可能性あり カロチノイド(食道がん、胃がん、大腸直腸がん、乳がん、子宮頸がん)
ビタミンC(口腔咽頭がん、食道がん、肺がん、膵臓がん、子宮頸がん)
ビタミンE(肺がん、子宮頸がん)
ビタミンC(膵臓がん)
レチノール(肺がん、胃がん、乳がん、子宮頸がん)
ビタミンE(胃がん、乳がん) 葉酸(子宮頸がん)
 
不十分 カロチノイド(喉頭がん、卵巣がん、子宮内膜がん、膀胱がん)
ビタミンC(喉頭がん、大腸直腸がん、乳がん、膀胱がん)
レチノール(膀胱がん)
ビタミンE(大腸直腸がん)
葉酸とメチオニン(大腸直腸がん)
   

註1: カロチノイドとしてはβカロチンが一番注目されているが、これは比較的新しいことである。むしろレチノールがその細胞分化に対する作用と動物実験の結果から注目されていた。しかしその多量投与における毒性から、最近はカロチノイドに関心が移り多くの研究がなされた。その中でも肺がんについての効果が最も注目される。

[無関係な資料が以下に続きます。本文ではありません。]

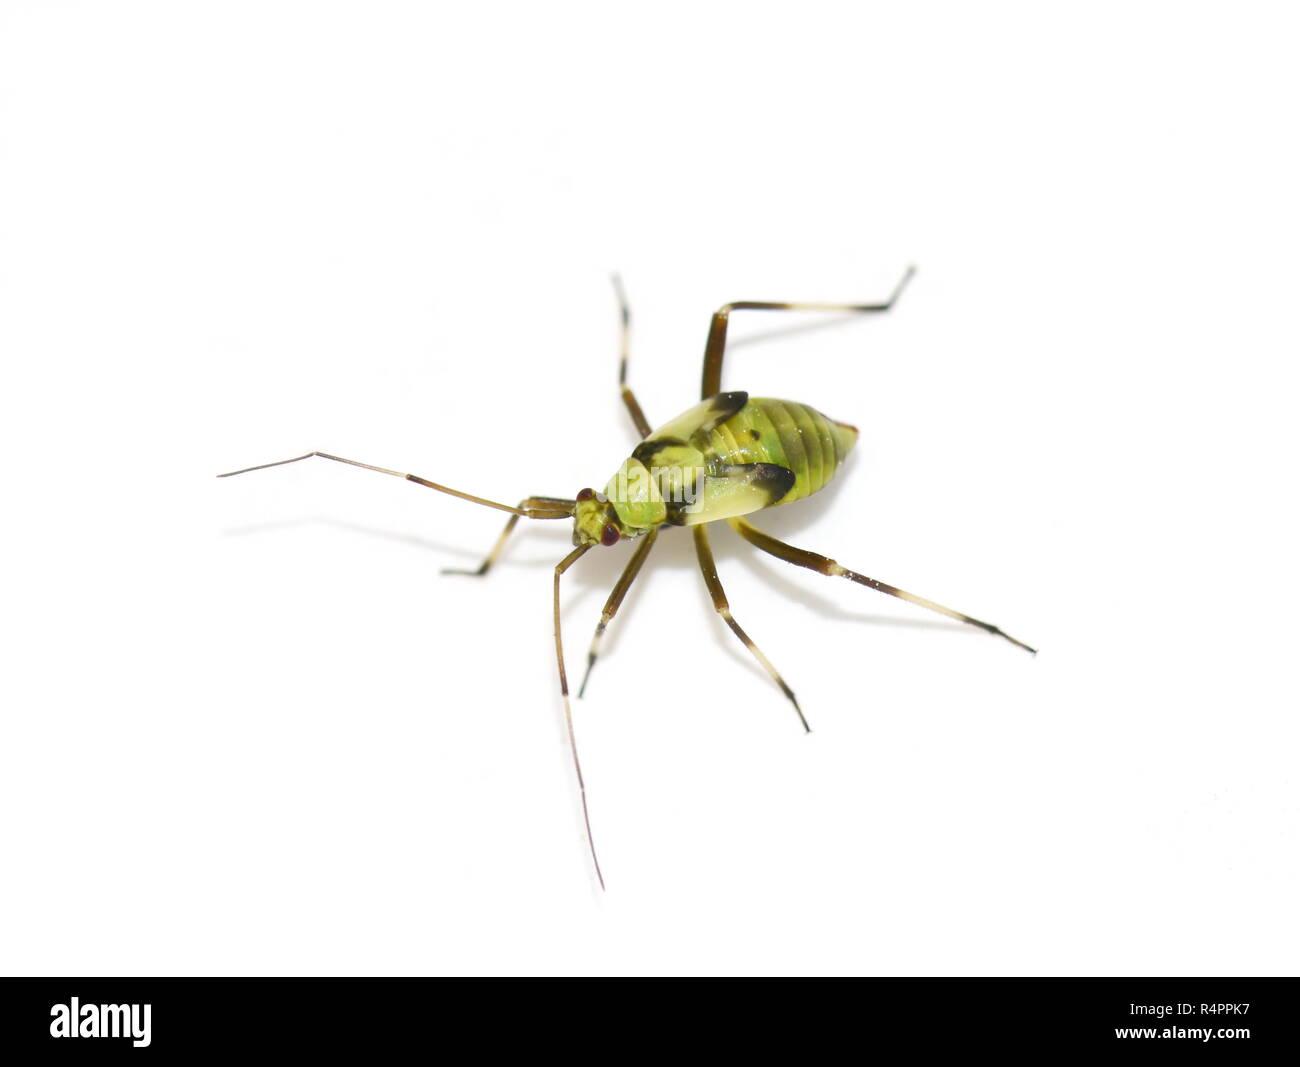 Common green capsid nymph Lygocoris pabulinus isolated on white background - Stock Image

肺がんについては5のコホート研究と18の症例対照研究とがあり、2をのぞいては喫煙を調整しても予防効果を示しているが、残念ながらどれも統計的に有意ではない。βカロチンの血中濃度と肺がんのリスクが反比例するというデータに基づいて、大規模な介入疫学(βカロチンの一定量を摂取した群と摂取しない群とを長期にわたって追跡調査する研究)がアメリカを中心としてなされた。約10年におよぶ高度喫煙者および米国医師を対象とする研究の結果は、残念ながら否定的であった。しかし、これはカロチノイド(βカロチン以外にαカロチン、その他いろいろの物を含む)の効果を否定するものとは考えられていないようである。

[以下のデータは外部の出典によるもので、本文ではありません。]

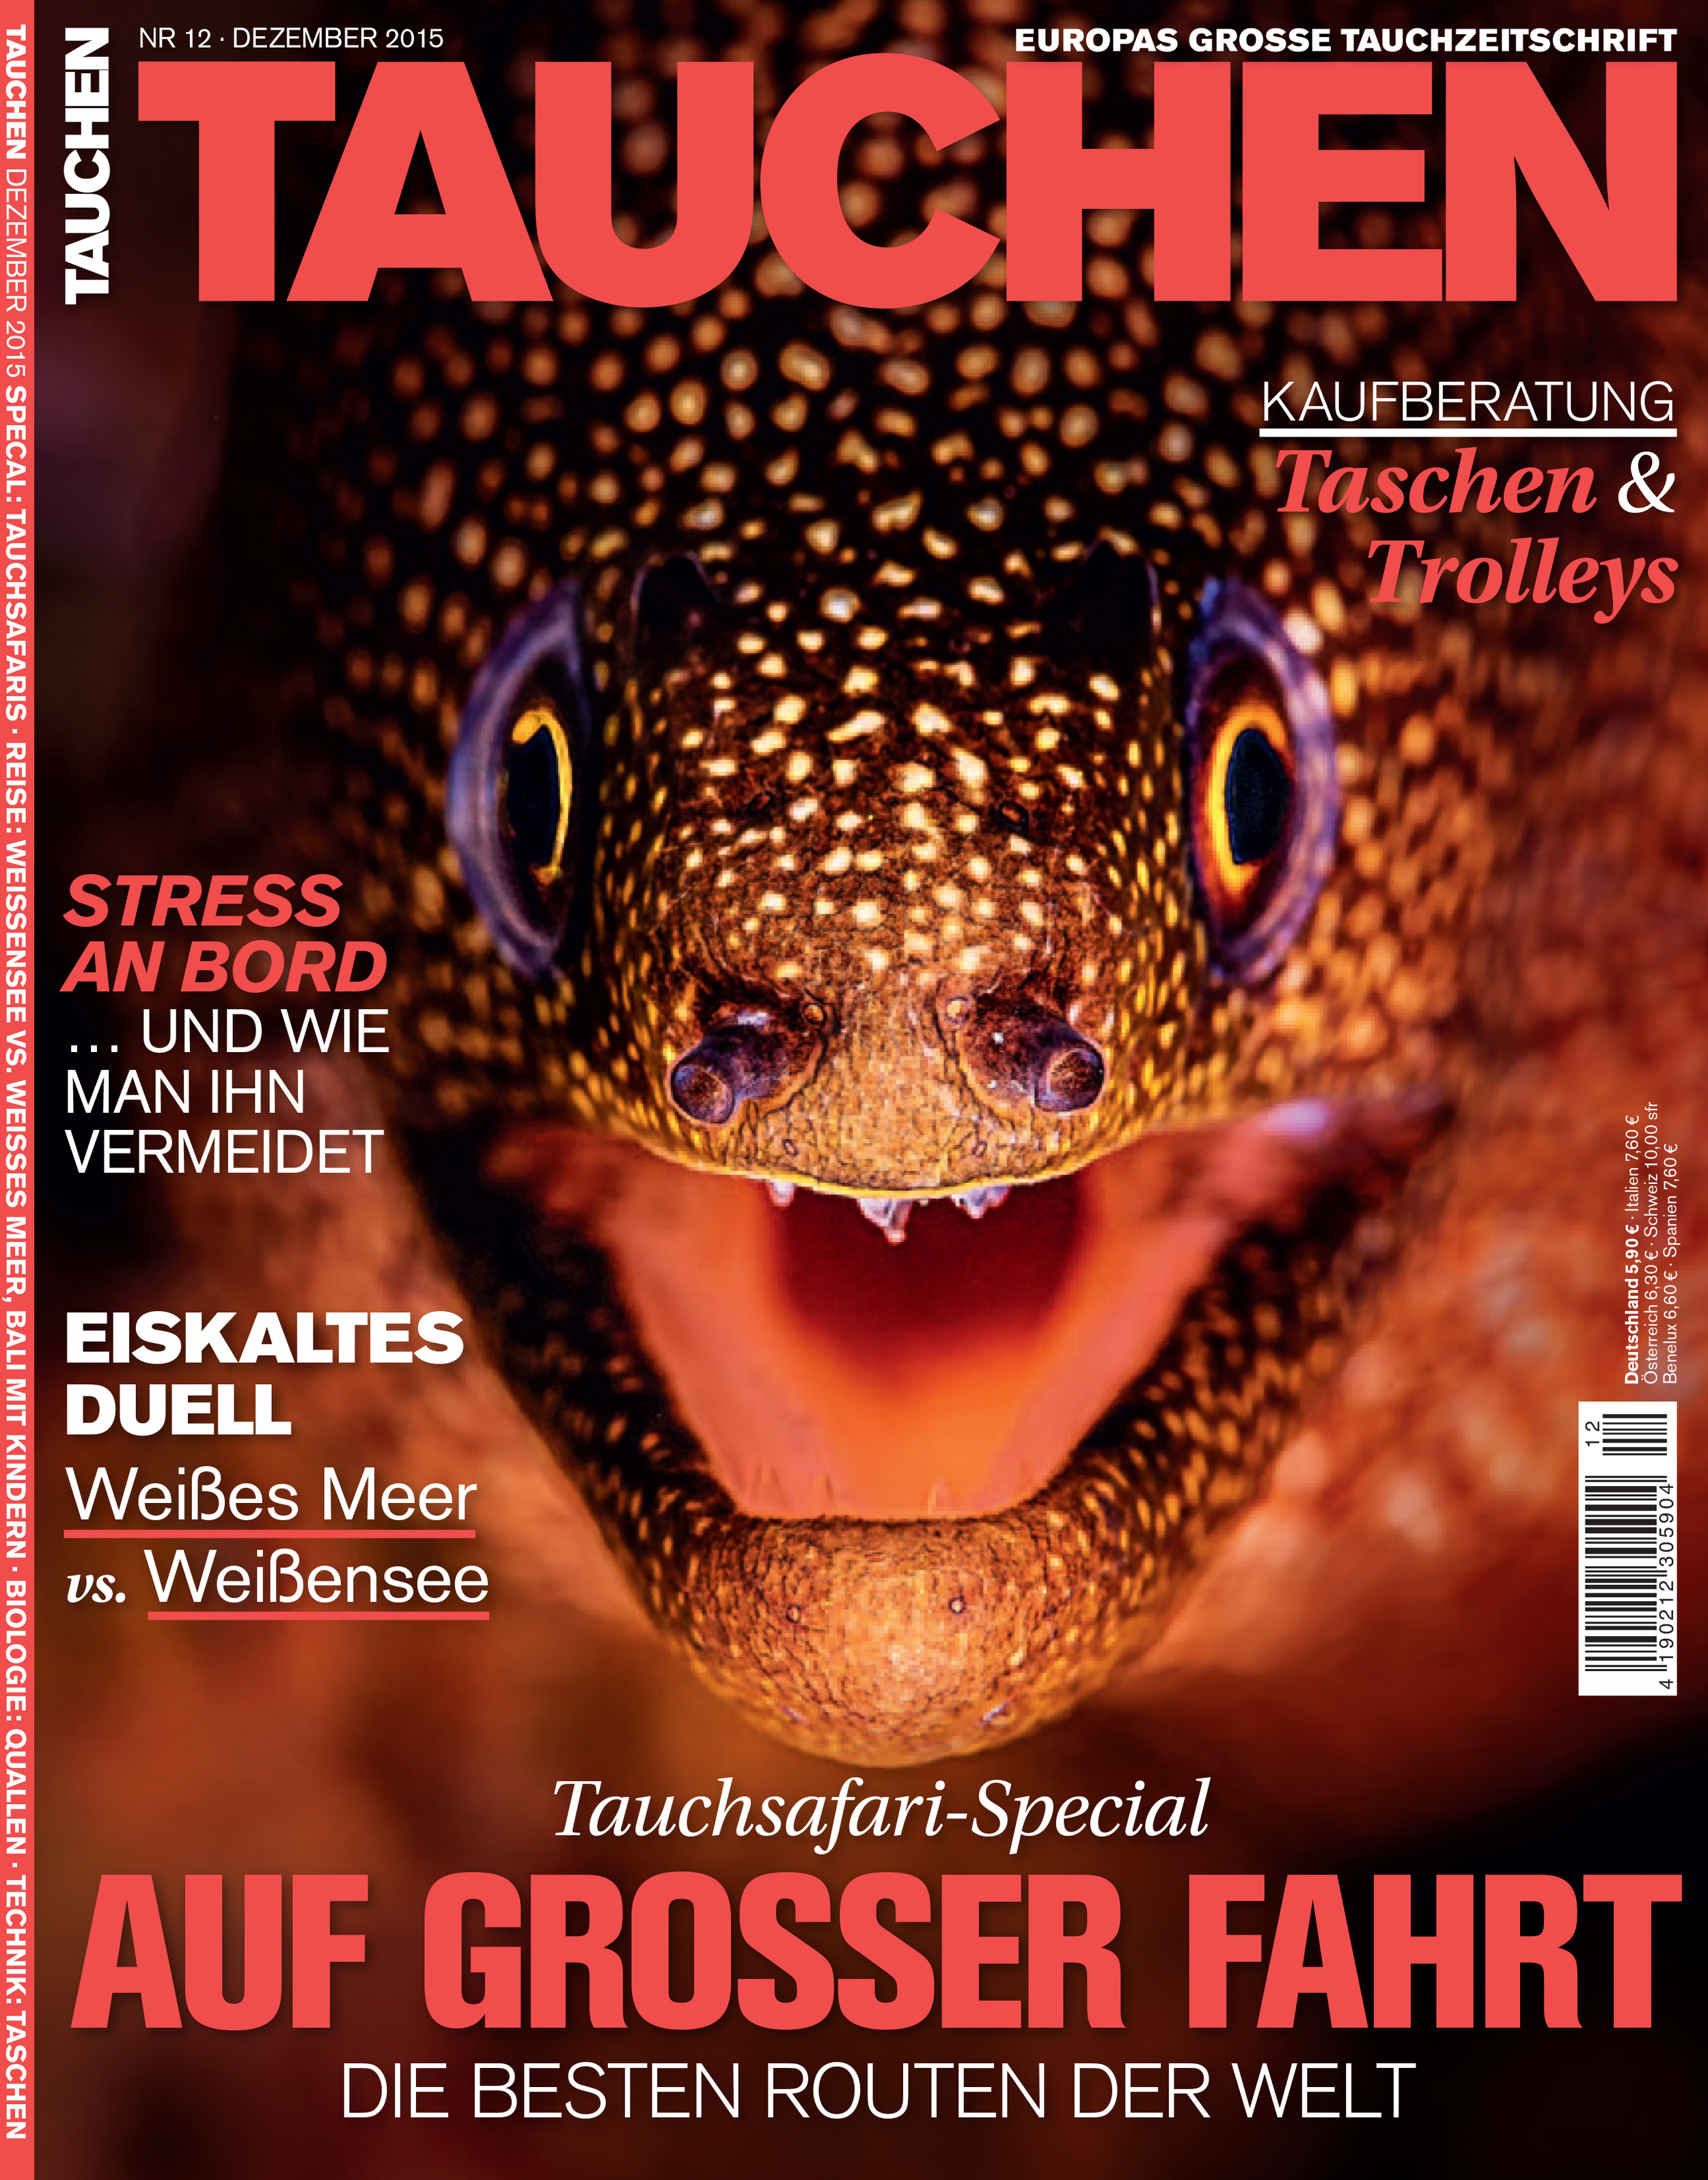 Beth Watson cover shot Tauchen Magazine

註2: ビタミンCは老化やがん化に対する活性酸素ラジカル説と共に、この酸素ラジカルを抑えるものとして注目されている。その意味で多くのがん予防研究が行われた。その中でも特に胃がんに対する効果が注目される。胃がんにつては、ビタミンCの大量摂取との関係について2のコホート研究と13の症例対照研究がある。前者の1と後者の12が防護効果(うち9は統計的に有意)を示している。また胃がんで亡くなった人はその血中ビタミンCレベルが低いという報告がある。地域的には血清ビタミンC濃度と胃がんの頻度に弱い相関があるという報告もある。これらに基づいてビタミンCは多分胃がんのリスクを下げると結論された。故ポーリング博士のビタミンCのがん予防説は有名であるが、今のところそれ程明かな効果を示した報告はない。今後更なる研究が望まれる。
註3: 葉酸についてはがんリスクとの研究は余り見られない。大腸がんについてコホート症例対照研究がそれぞれ1あり、葉酸の大量摂取はリスクを減らすことを示している。反対に葉酸の摂取が少ないと大腸直腸がんのリスクを増すとの報告があるが、これはアルコールの大量摂取が重なった為かもしれない。何れにせよ証拠は不十分である。

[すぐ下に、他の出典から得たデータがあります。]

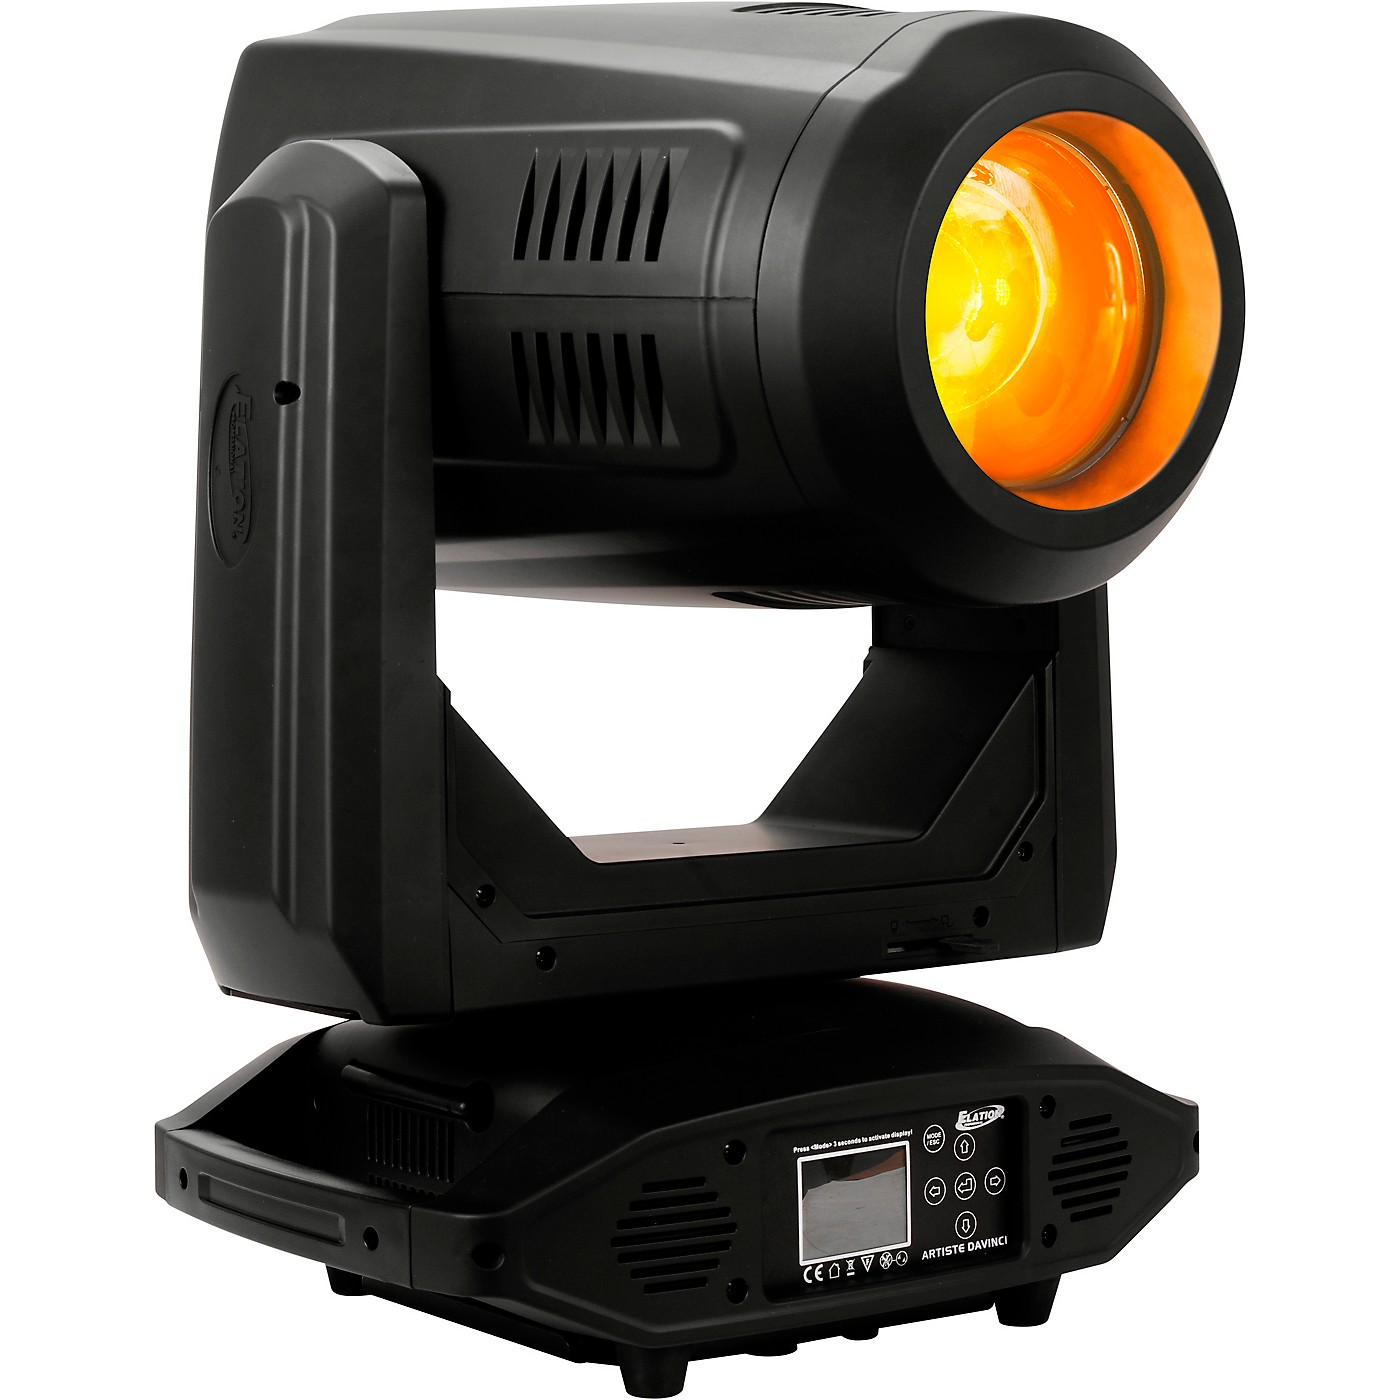 Elation Artiste Davnici 270W Moving Head LED Fixture thumbnail

註4: ビタミンEについても研究は余り見られない。肺がん、子宮頸がん、大腸直腸がんなどについて幾つかの疫学研究があり、リスクを下げるというものもあるが、関連がないというものも見られる。このビタミンも細胞内抗酸化作用とい点で注目されている。胃がんについては2のコホート研究のうち1は相関なし、1はリスクの低下を示している。6の症例対照研究のうち2がリスクの低下を示している。また乳がんについては3のコホート研究、5の症例対照研究の何れも相関を示していない。